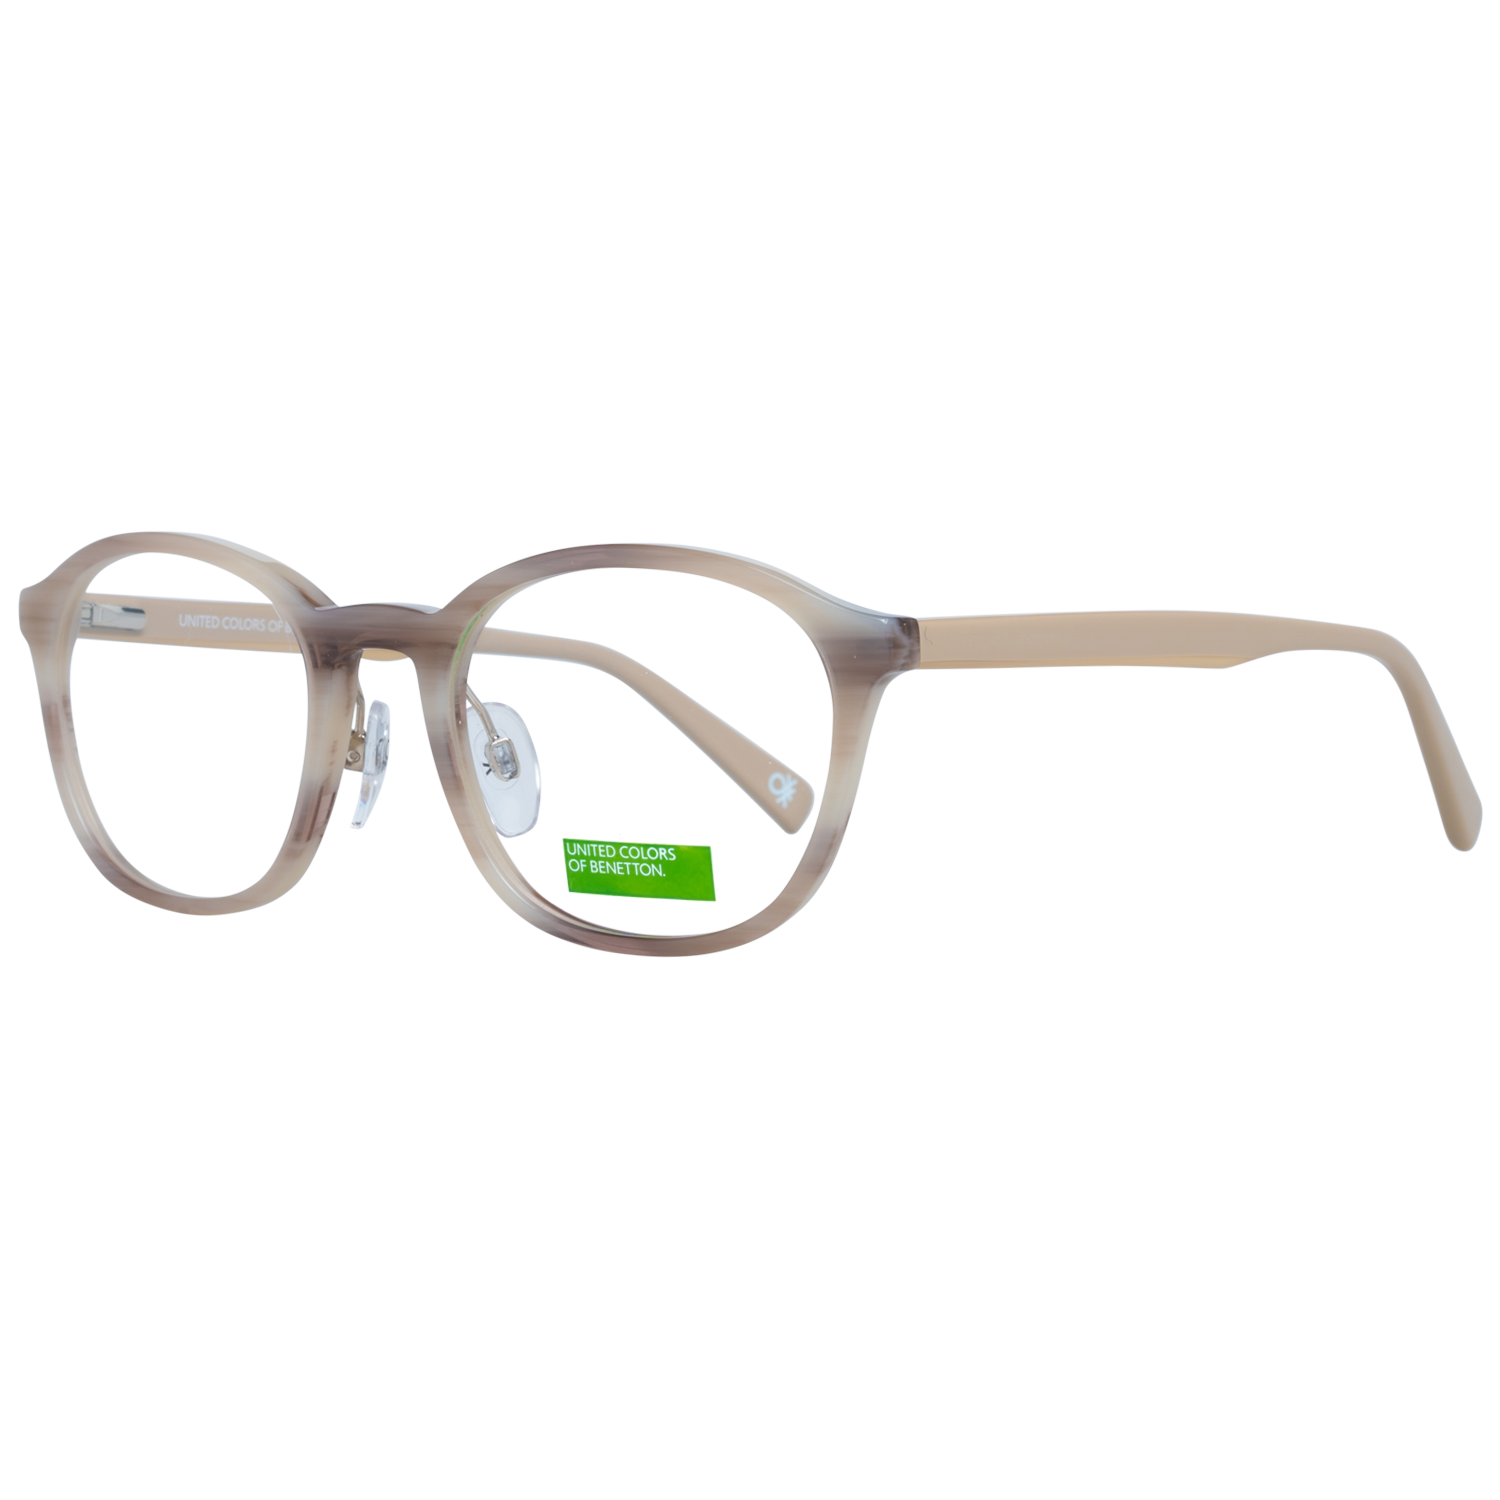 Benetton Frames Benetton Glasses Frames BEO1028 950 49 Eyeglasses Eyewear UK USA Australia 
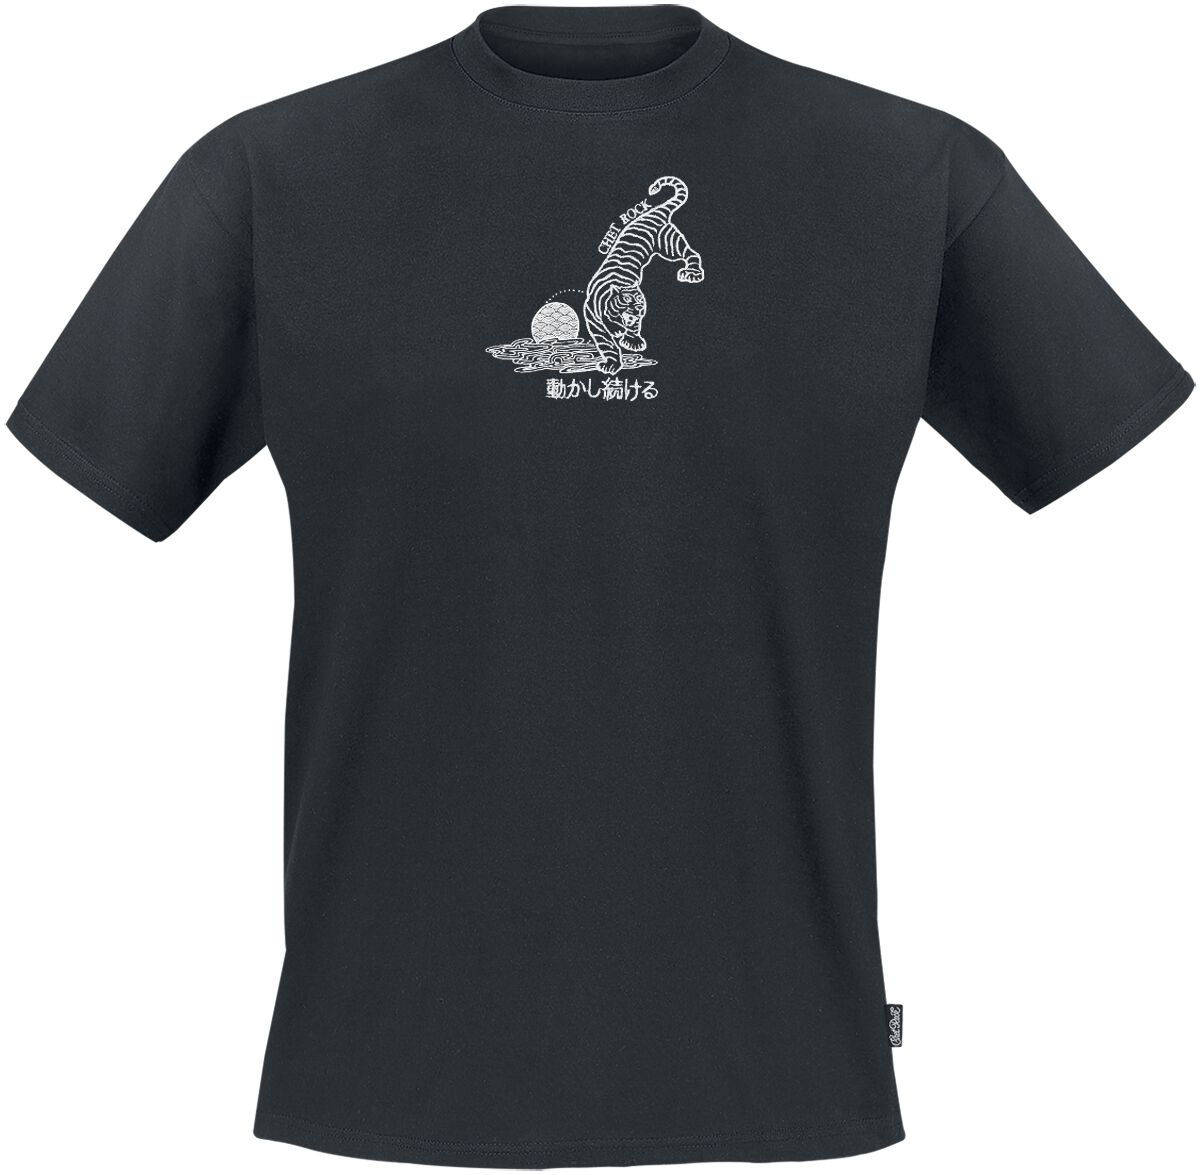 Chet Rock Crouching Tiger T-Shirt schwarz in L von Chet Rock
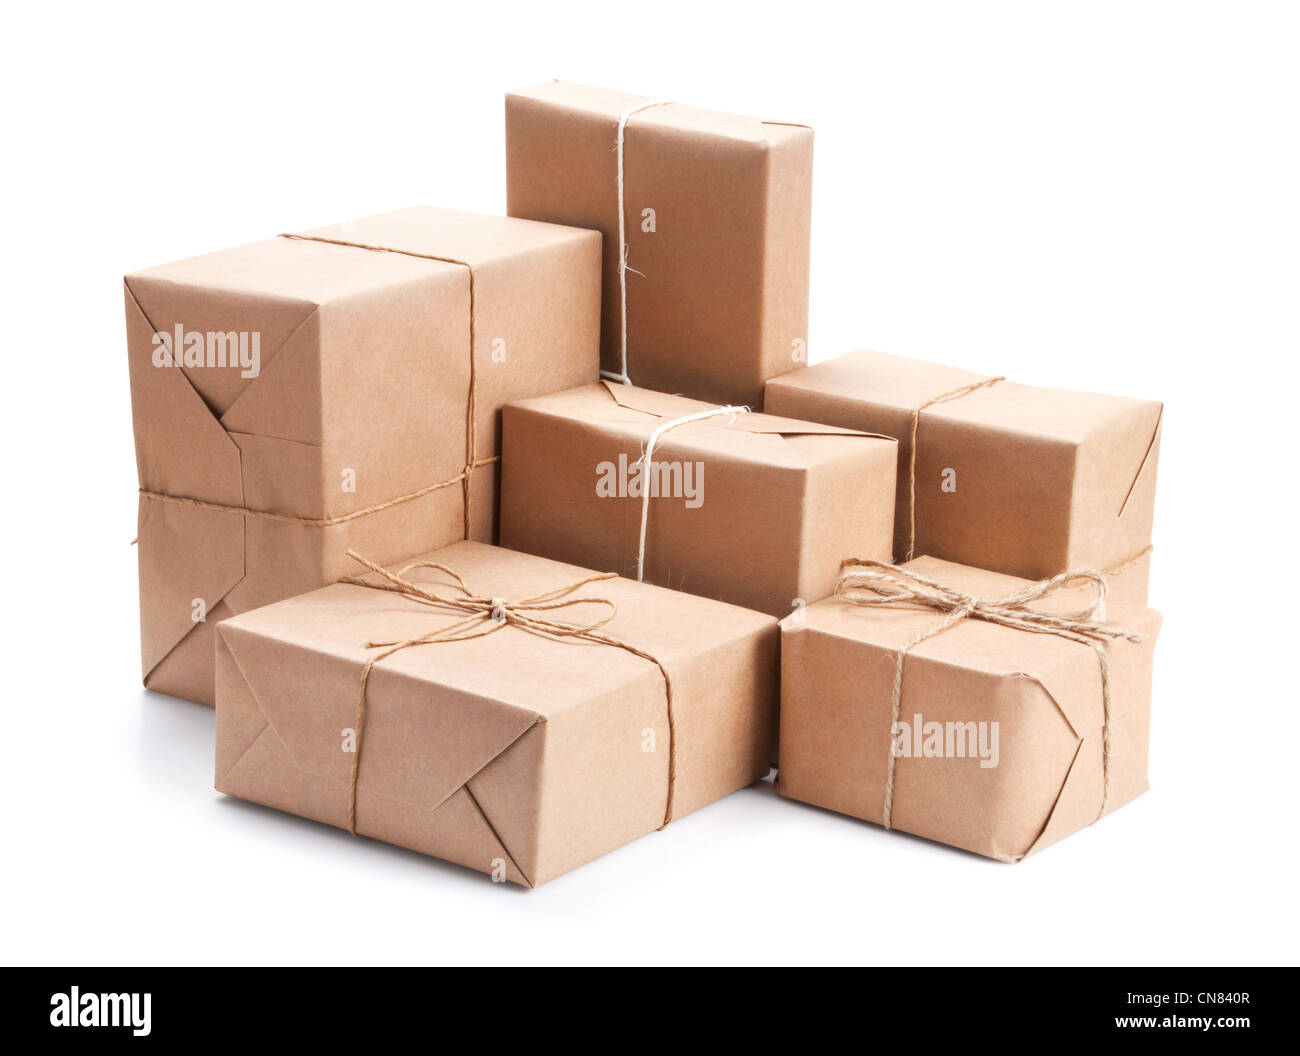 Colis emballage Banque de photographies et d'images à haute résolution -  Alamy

—————

■ **What to do**
Restrict the output to the lines from the one with "Chet Rock Crouching" through the last line of the material above. Print them exactly, leaving out every picture.

■ **Exercise response**
 Chet Rock Crouching Tiger T-Shirt schwarz in L von Chet Rock
 Colis emballage Banque de photographies et d'images à haute résolution -  Alamy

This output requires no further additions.